Based on the aforementioned results, we believe that the conducted study contributes to a better understanding of the breathing sound features during an apnea/hypopnea event. The present study proves that VAD algorithms can be used with increased sensitivity in the identification of apnea/hypopnea events. The VAD algorithm employed in this study is one of the first and simplest algorithms, in terms of computational complexity, developed in the field of voice activity detection, profiting especially from the accuracy in the noise estimation. This is of crucial importance in the field of sleep breathing detection since breathing/snoring characteristics are much closer to noise than those of speech.

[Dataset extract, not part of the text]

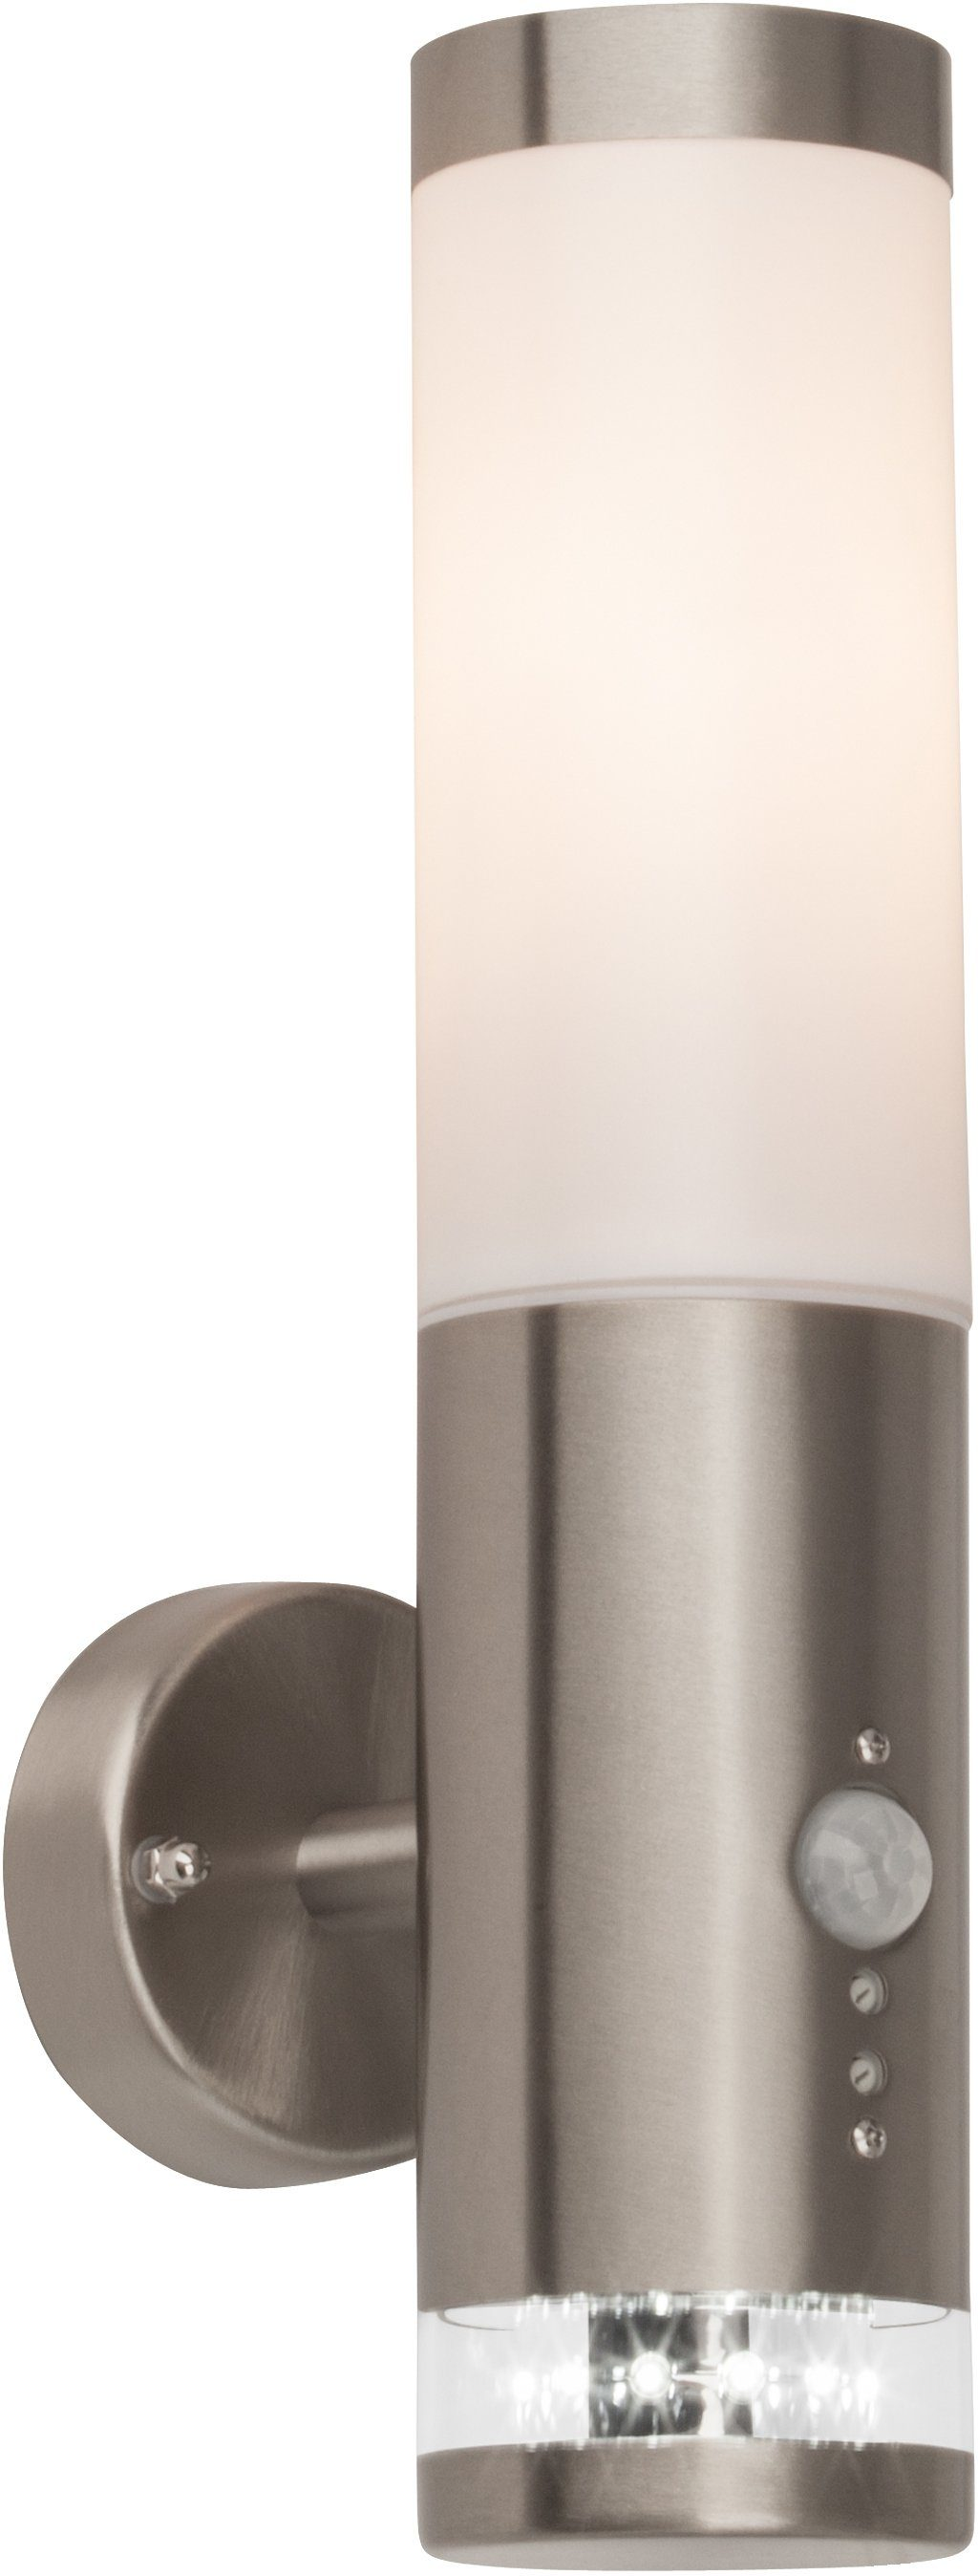 Großartig LED Außenleuchten & LED Außenlampen kaufen | OTTO ZT76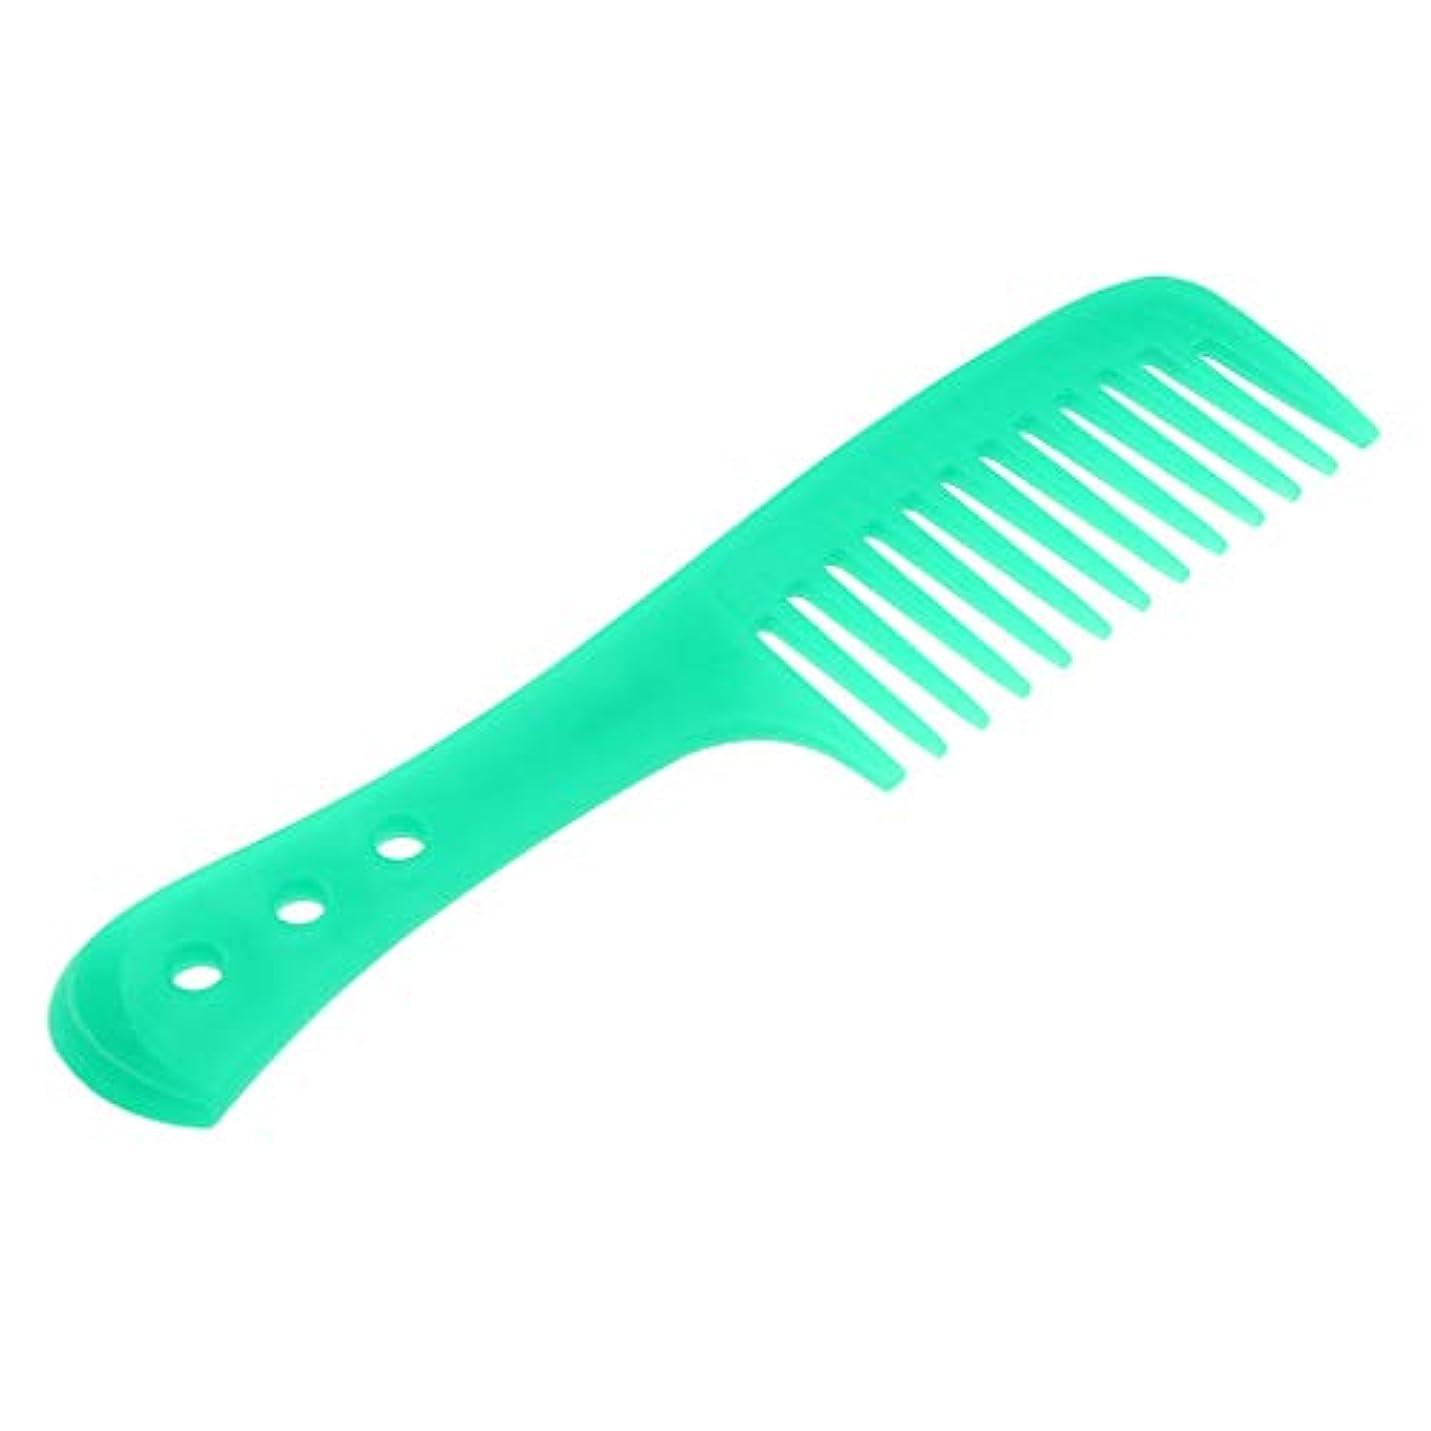 アラブ同様の間違いなくInjoyo 携帯用理髪の広い歯の櫛の巻き毛のDetanglerの頭皮のマッサージャーのブラシ - 緑

Future steps in this field of application include testing of more sophisticated approaches, especially those depending on the latest advances in deep learning techniques [
38]. Concerning the possible clinical applications, this study can prove beneficial for: (a) the inclusion of automated sound analysis as part of the laboratory PSG interpretation, indeed, for the time being, breathing audio recordings are practically excluded from the apnea events scoring process; (b) home-based systems focusing on individual events detection to screen the progress of the disease in diagnosed patients, and; (c) home-based systems aiming at identifying the syndrome’s severity based on the MAD estimation. This is particularly important, taking into account that the MAD estimation is not included in home-based systems proposed in the literature, as well as the MAD is expected to be clearer when studied in the home environment than in the hospital, due to its dependence on sleep stages and sleep convenience.